Selena’s brow furrowed. “Transferred memories? That’s”
“Illegal,” Vera finished. “And impossible… until it wasn’t.”
The words hung heavy in the air.
Selena’s chest tightened. “What does that have to do with me?”
Vera pulled a photo from her folder and slid it across the table. It showed a young woman with a hauntingly familiar face not identical, but close enough to twist something inside Selena’s chest.
“That’s Mara Ward,” Vera said. “Your sister was part of the program. So were you.”
Selena’s voice cracked. “No. I wasn’t.”
“Records say otherwise,” Vera said softly. “The fire that killed your parents it wasn’t an accident. It was the experiment failing. They were trying to merge your memories.”
Selena shook her head, stepping back. “That’s insane.”
“Maybe. But the project was shut down right after. And the surviving subjects including your sister were sent to St. Cloud’s for evaluation.”
Vera leaned in. “Someone’s trying to restart it, Detective. The Pale Man or woman isn’t killing at random. They’re collecting memory donors.”
Selena felt her knees weaken. “You’re saying these victims”
“Each one carried fragments of the same neural pattern. Mara’s pattern.”
The room spun. For a moment, Selena couldn’t breathe. She pressed a hand to her temple, trying to steady herself.
She had spent ten years chasing a killer, never realizing the case was tied to her own past.
Vera’s phone buzzed. She glanced at the screen her composure flickered. “We’ve got movement. Another body. Same markings.”
Selena grabbed her coat. “Where?”
“Warehouse district, Pier 39.”
By the time they arrived, the scene was chaos police tape, flashing lights, reporters shouting questions. The body lay covered near the edge of the dock, waves slapping quietly against the pilings.
Selena crouched beside the coroner. “Female?”
“Yeah,” the coroner said. “Late twenties. Found an hour ago. No ID. But we pulled this from her pocket.”
He handed Selena a small metal key engraved with a number: 07.
Her heart stopped.
Subject 07. Her file.
She stood abruptly, scanning the shadows beyond the dock. A faint shimmer of movement caught her eye someone watching from the rooftops.
She drew her gun. “Up there!”
Officers turned, lights sweeping across the roofs, but the figure was already gone.
Vera touched Selena’s arm. “Don’t”
Selena pulled free, running toward the fire escape.

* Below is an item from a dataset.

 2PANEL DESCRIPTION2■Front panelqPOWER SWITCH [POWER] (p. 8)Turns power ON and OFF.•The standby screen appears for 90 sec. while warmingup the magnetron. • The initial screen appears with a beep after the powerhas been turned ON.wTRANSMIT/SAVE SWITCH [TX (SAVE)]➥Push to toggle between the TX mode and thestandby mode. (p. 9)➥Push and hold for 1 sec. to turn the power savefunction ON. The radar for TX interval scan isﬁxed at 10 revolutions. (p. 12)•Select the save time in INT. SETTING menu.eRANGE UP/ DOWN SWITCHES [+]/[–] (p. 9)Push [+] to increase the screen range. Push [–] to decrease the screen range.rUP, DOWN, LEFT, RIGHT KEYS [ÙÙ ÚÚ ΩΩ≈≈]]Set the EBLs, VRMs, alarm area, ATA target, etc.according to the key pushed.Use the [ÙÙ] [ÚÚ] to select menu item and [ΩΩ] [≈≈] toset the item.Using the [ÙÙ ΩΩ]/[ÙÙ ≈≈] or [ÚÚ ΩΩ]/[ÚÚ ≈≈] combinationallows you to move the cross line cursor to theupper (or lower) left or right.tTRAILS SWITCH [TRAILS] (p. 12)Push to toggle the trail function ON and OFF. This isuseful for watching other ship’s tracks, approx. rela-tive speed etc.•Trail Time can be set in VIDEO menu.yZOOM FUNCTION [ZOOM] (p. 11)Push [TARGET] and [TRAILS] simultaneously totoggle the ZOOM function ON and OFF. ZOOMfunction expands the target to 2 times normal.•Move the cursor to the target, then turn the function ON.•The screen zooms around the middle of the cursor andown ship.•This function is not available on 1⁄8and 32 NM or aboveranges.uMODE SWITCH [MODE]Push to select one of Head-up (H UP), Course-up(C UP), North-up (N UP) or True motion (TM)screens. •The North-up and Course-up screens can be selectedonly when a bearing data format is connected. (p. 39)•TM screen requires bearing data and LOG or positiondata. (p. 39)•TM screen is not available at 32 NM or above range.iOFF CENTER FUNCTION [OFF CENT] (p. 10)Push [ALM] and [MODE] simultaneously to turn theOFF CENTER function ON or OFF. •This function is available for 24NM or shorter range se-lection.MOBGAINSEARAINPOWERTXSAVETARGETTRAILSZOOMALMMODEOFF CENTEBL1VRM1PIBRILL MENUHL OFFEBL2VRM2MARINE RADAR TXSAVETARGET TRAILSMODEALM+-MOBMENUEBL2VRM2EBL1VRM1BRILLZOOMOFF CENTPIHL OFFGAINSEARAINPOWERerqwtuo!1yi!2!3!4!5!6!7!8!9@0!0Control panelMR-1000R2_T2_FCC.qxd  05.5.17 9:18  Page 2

She climbed fast, rain slicking the rungs, her lungs burning. But when she reached the roof, the watcher was gone.
Only a single object lay where they’d stood a tape recorder.
She picked it up, pressed play.
A faint, static-laced voice whispered through the rain.
“Selena… stop chasing ghosts. I’m not the one you think I am.”
Her breath caught. The voice soft, shaking, familiar.
It was Mara.
“They made me forget, but I remember now. Don’t trust Vera. She’s part of it.”
Static swallowed the rest.
Selena stood frozen, wind tearing at her hair, the recorder trembling in her hand.
Below, sirens wailed and officers shouted, but it all sounded distant muffled by the single truth echoing in her mind.
If the voice was real… her sister was alive.
But that meant everything else the case, the program, even Vera might be a lie.
And worse, someone wanted her to find out too soon.